Abi browses for about forty minutes. She narrowly
misses out on the latest and last Julia
Quinn because
the lady to her right has eyes like a hawk and hands
faster than Usain Bolt’s
feet. Damn it!
Abi rents four books: Susan
Elizabeth Phillips'Nobody’s
Baby But Mine, Kathleen
O’Reilly’sNightcap, Sherry
Thomas’Delicious and Marjorie
Liu’s Soul Song. She’ll buy them later
if she likes any but appreciates the opportunity to
borrow now. On her way home Abi stops off at the bank.

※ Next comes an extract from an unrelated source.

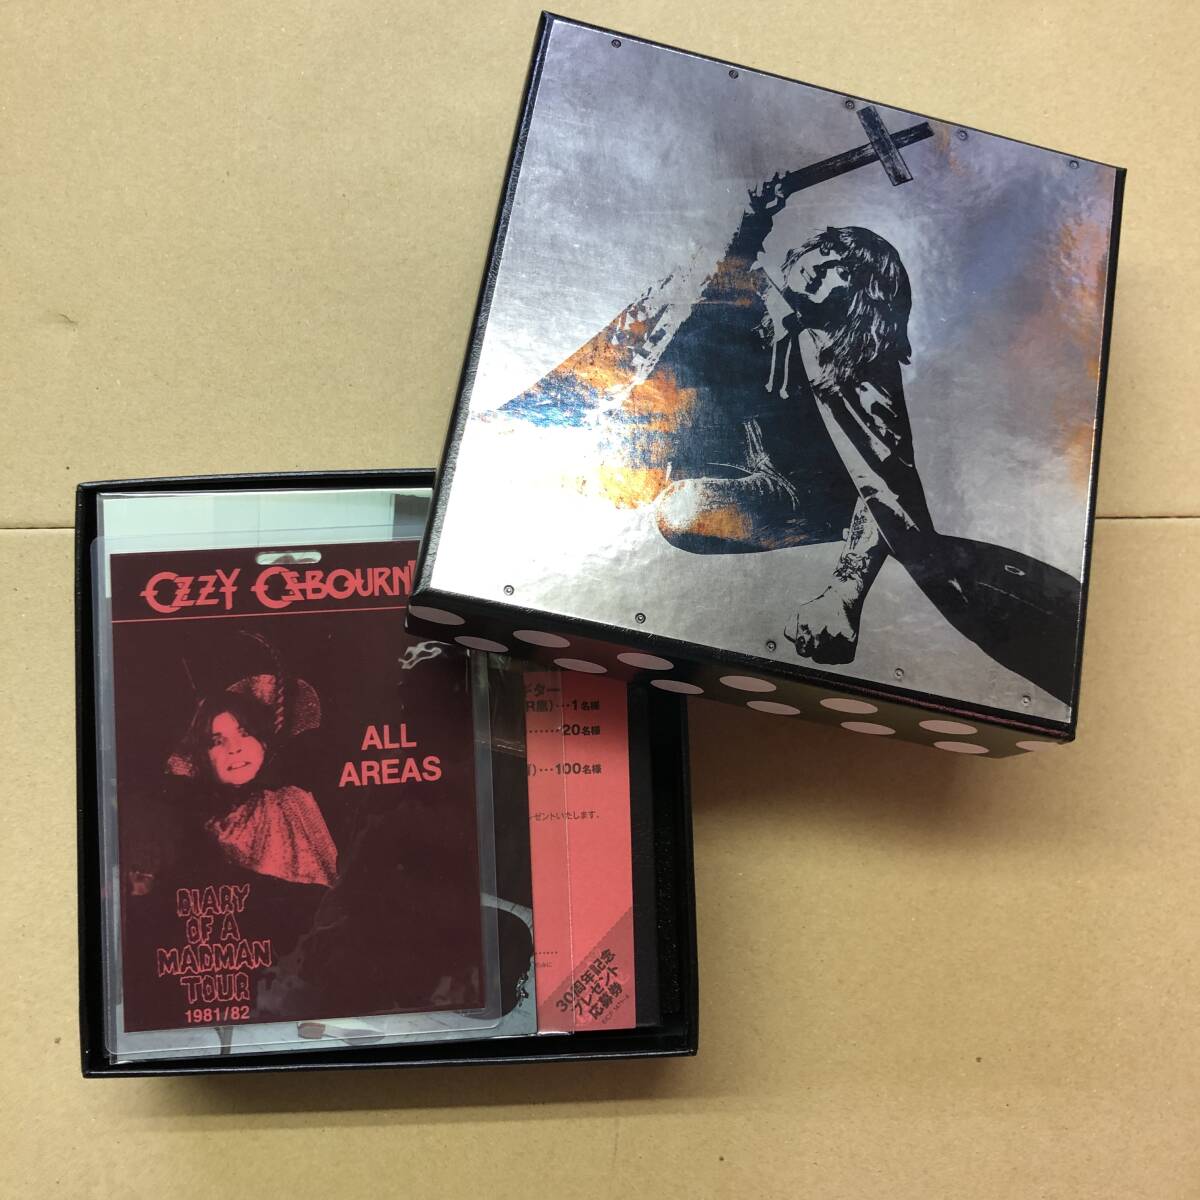 #Ozzy Osbourne Blizzard Of Ozz / Diary Of A Madman - 30th Anniversary Collectors Edition[3CD+DVD]4547366060676

It’s month-end so the queue will be hideously
long. She tucks her Blaze into her purse, a nifty travel
companion and decides to bring Soul
Song along too.
There is a hot, presumably naked man on the Liu cover
but Abi is really not bothered. Who cares? She certainly
doesn’t. She’ll read what she wants, when
she wants, where she wants!
She wonders whether she should keep Soul
Song for
at home and take the SEP instead. Not that the generic
yellow cover and barely discernible graphics of the
SEP have anything to do with this. To prove her point,
she will take Delicious, undone corset and all, strangers
in the bank bedamned. No, she will stick with her original
choice. Naked man comes with her.
The bank queue rivals that for Space Mountain at Disney
World. Abi recognizes her excellent foresight in bringing
along two books to while away the hour. She takes out
her O’Reilly. Gee, is there any other book in
the world more recognizable than a Harlequin? The Bible.
Maybe. She folds the cover back tightly and as far
as it can go because it’s easier to read that
way, not for any...other...reason.
Gosh, that heroine Cleo sure has some vivid sexual
dreams. The word "impaling" seems
extra stark against the white of the page, what with
it being in black ink and all. It even looks larger
than the other words and - Abi stops reading and glances
to her right - is that man looking over her
shoulder? How rude! She wonders if he can see the words
stallion large, fluid
stroke, potency, and well
endowed. They are in flashing neon lights so
if the color red didn’t clue him in, the
smut talk would for sure. Most importantly however,
he needed to mind his own damn business.
Abi flips past the rest of Cleo’s dream and
continues to read. Cleo and Sean are turning out to
be quite sexually active. But most importantly, she
cannot read with that man breathing down her back!
She is forced to return the O’Reilly to her purse.
As she slips it in, the Liu falls to the floor, face
up. Sweet Jesu. Not that it matters! So what? She can
read what she wants, when she wants, where she wants!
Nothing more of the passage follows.